> [WHAT TO WORK ON]
Write back every line of the listing exactly, excluding images.

Segment Start: DATA PROVIDED

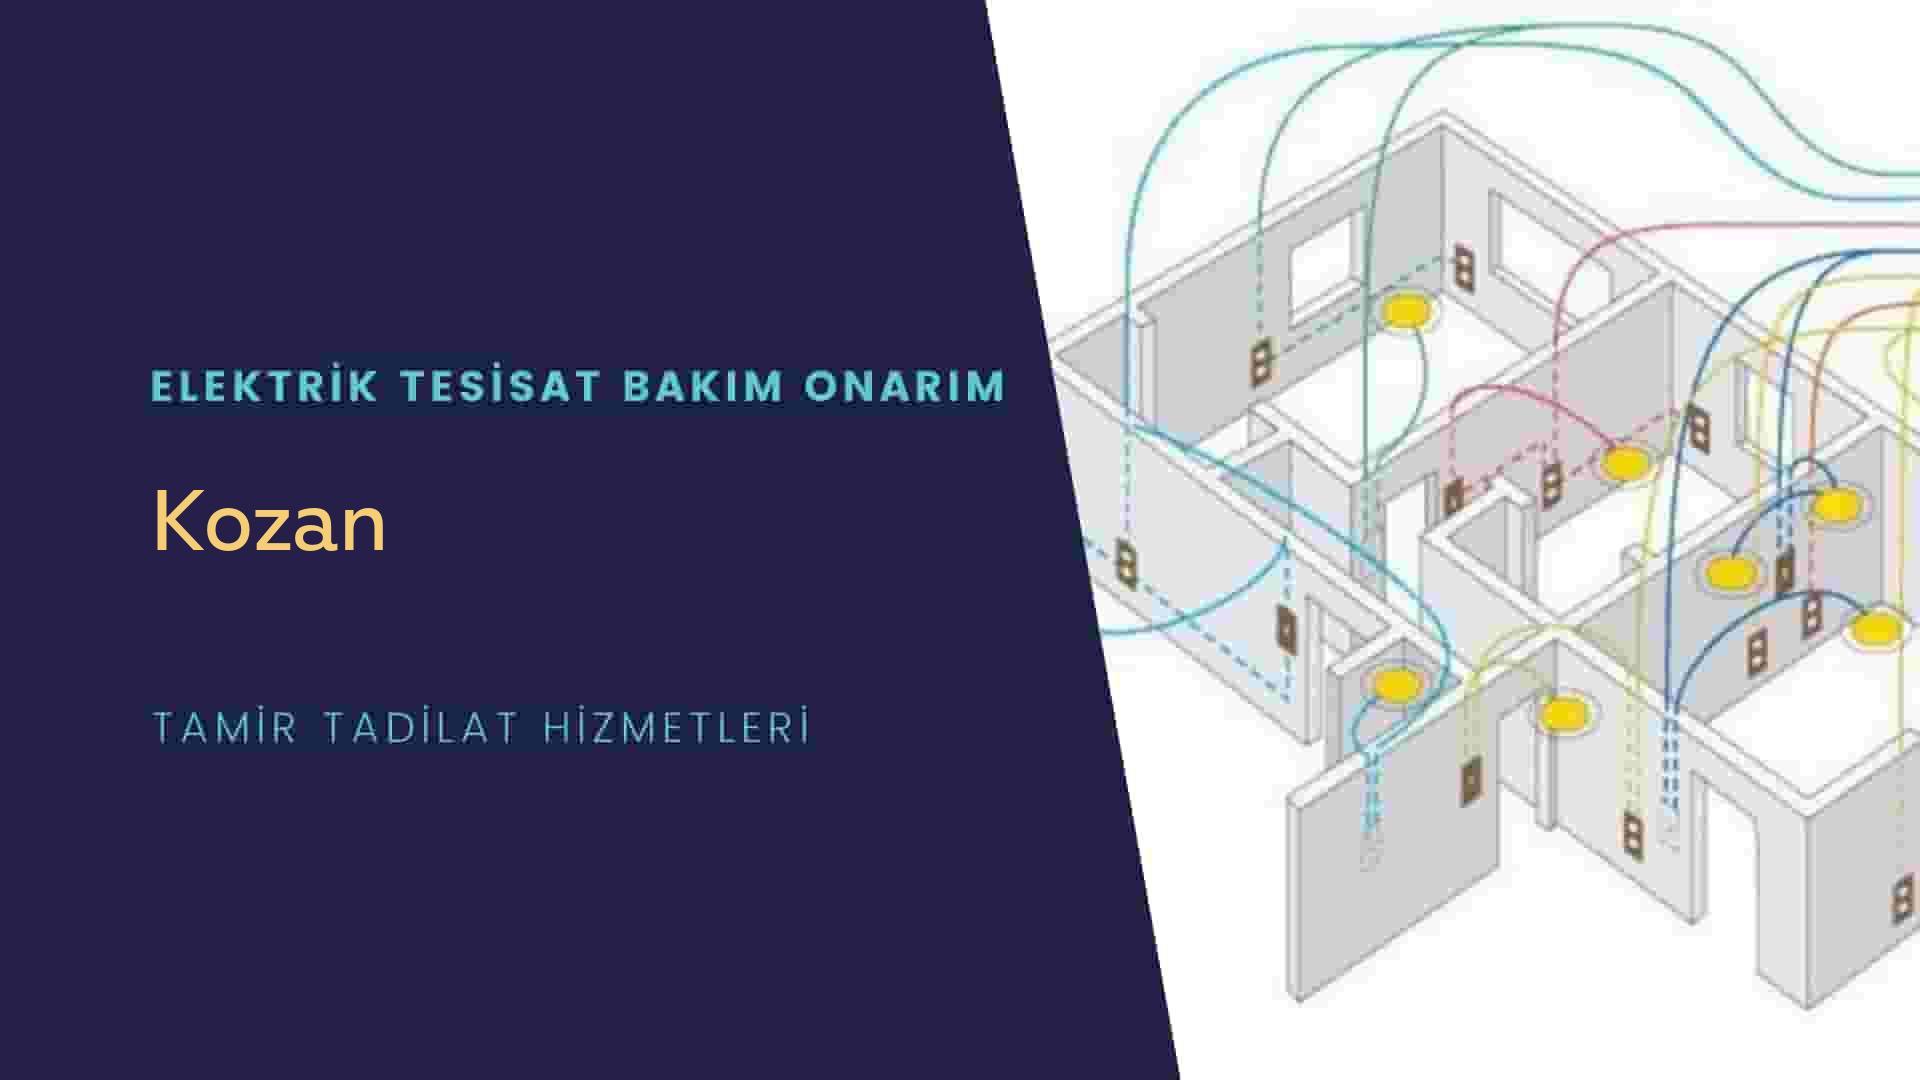 Kozan'da elektrik tesisatıustalarımı arıyorsunuz doğru adrestenizi Kozan elektrik tesisatı ustalarımız 7/24 sizlere hizmet vermekten mutluluk duyar.
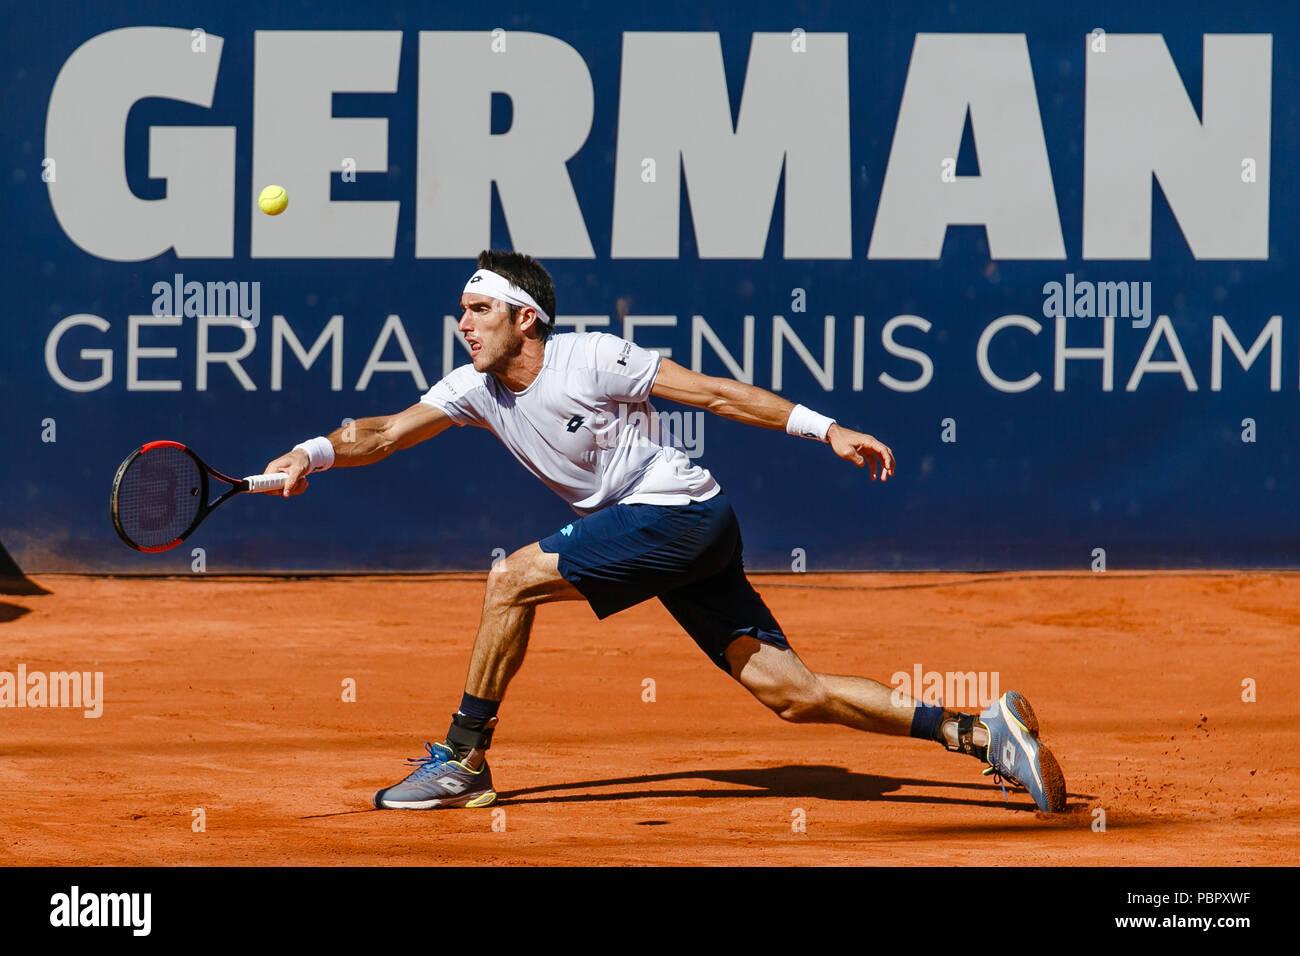 Der Argentinier Leonardo Mayer während des Finales bei den German Open am Hamburger Rothenbaum. - Stock Image
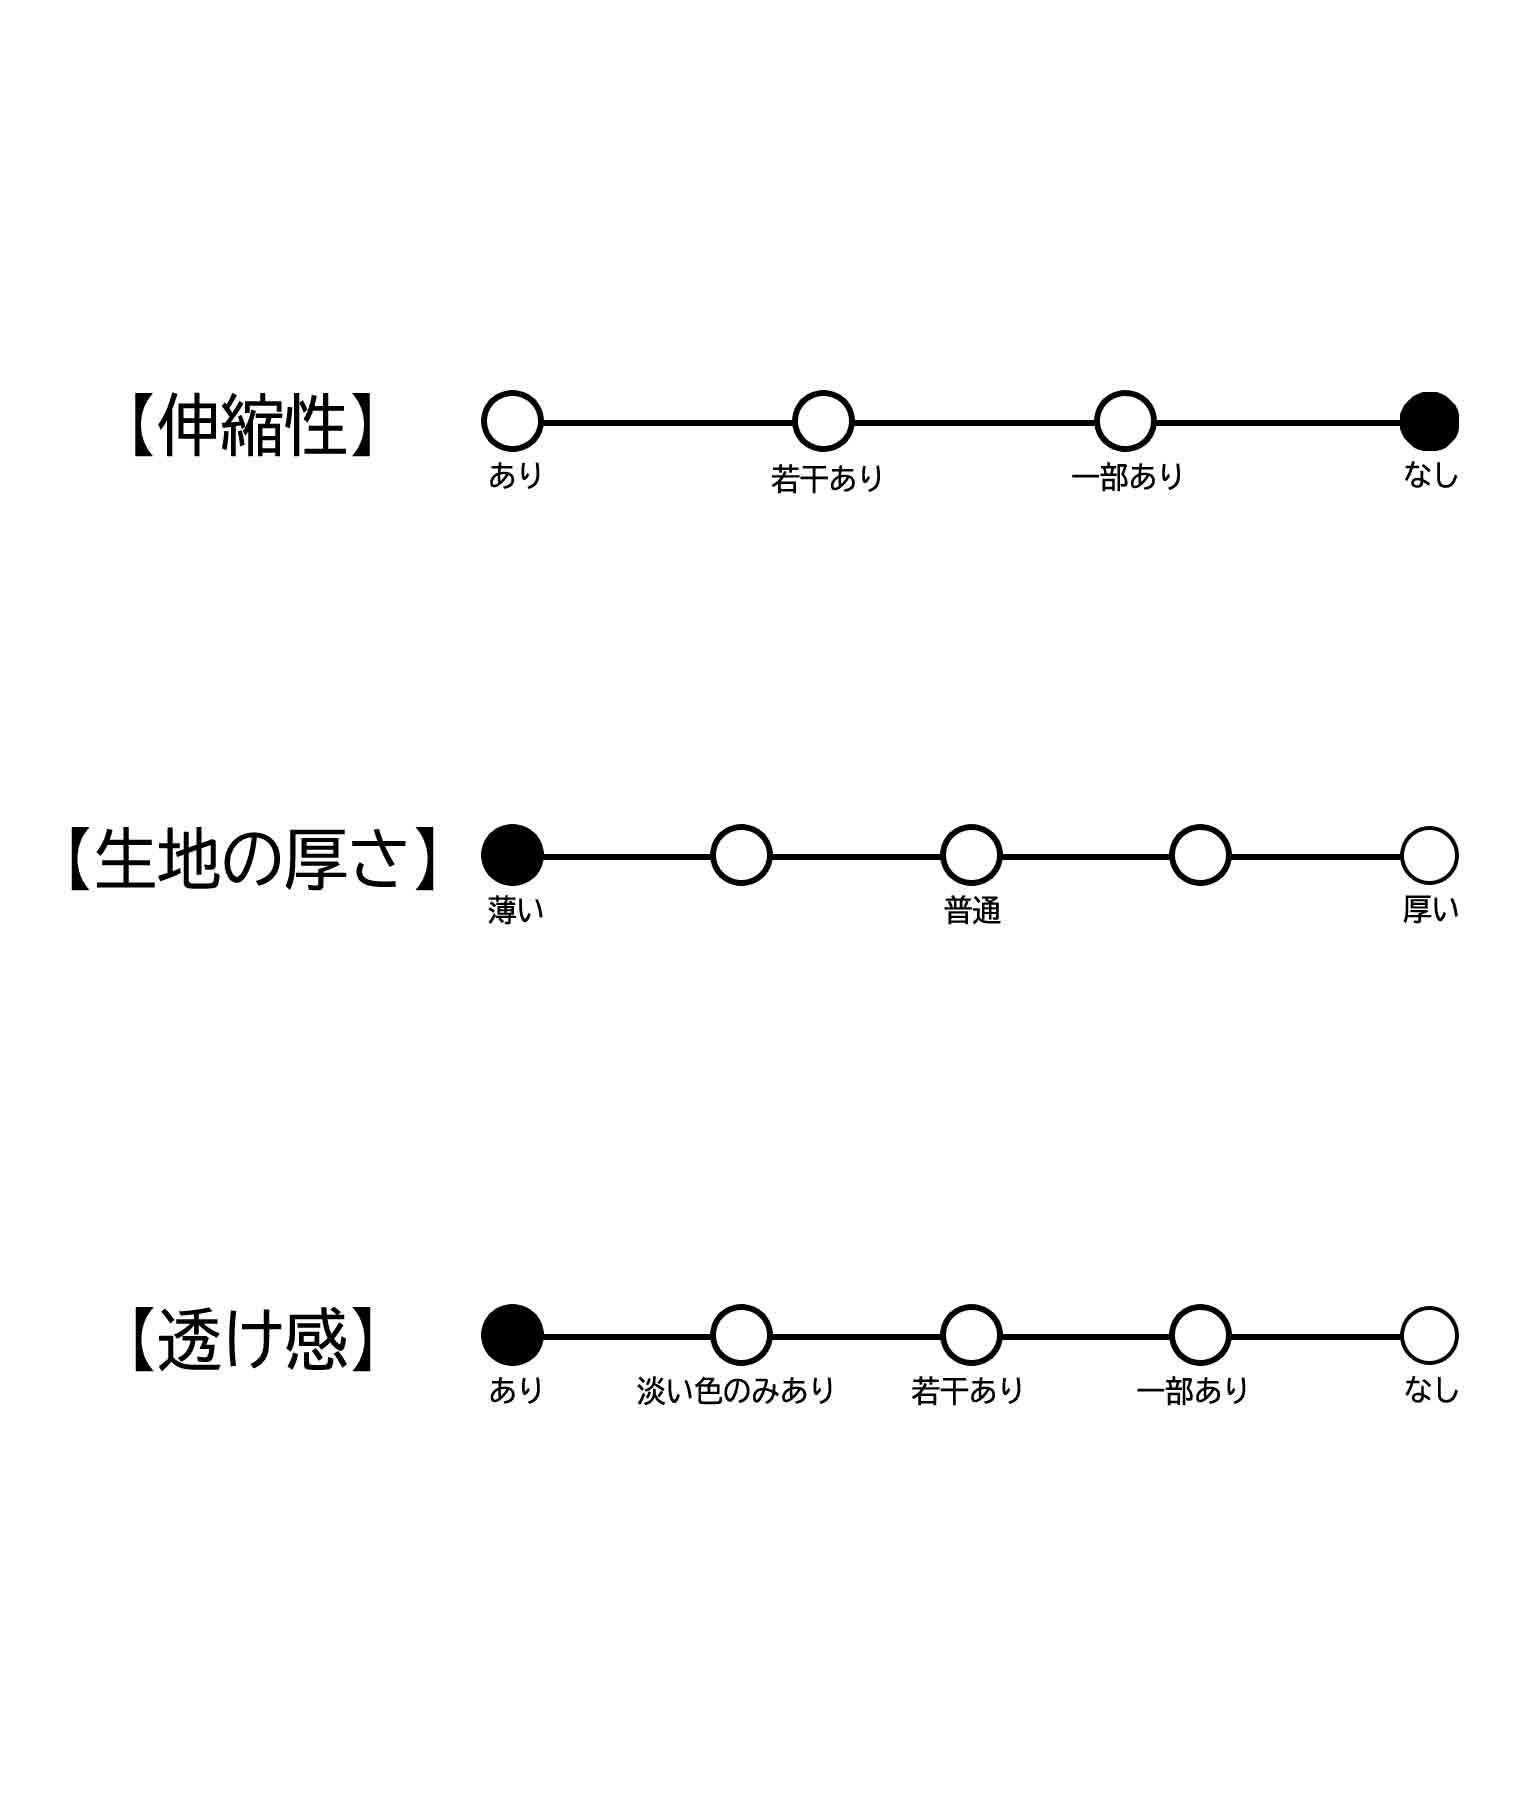 シアーウエスト絞りデザインシャツ(トップス/シャツ・ブラウス)   CHILLE

Segment End: DATA PROVIDED

> [TASK RESPONSE]
 Kozan'da elektrik tesisatıustalarımı arıyorsunuz doğru adrestenizi Kozan elektrik tesisatı ustalarımız 7/24 sizlere hizmet vermekten mutluluk duyar.
 Der Argentinier Leonardo Mayer während des Finales bei den German Open am Hamburger Rothenbaum. - Stock Image
 シアーウエスト絞りデザインシャツ(トップス/シャツ・ブラウス)   CHILLE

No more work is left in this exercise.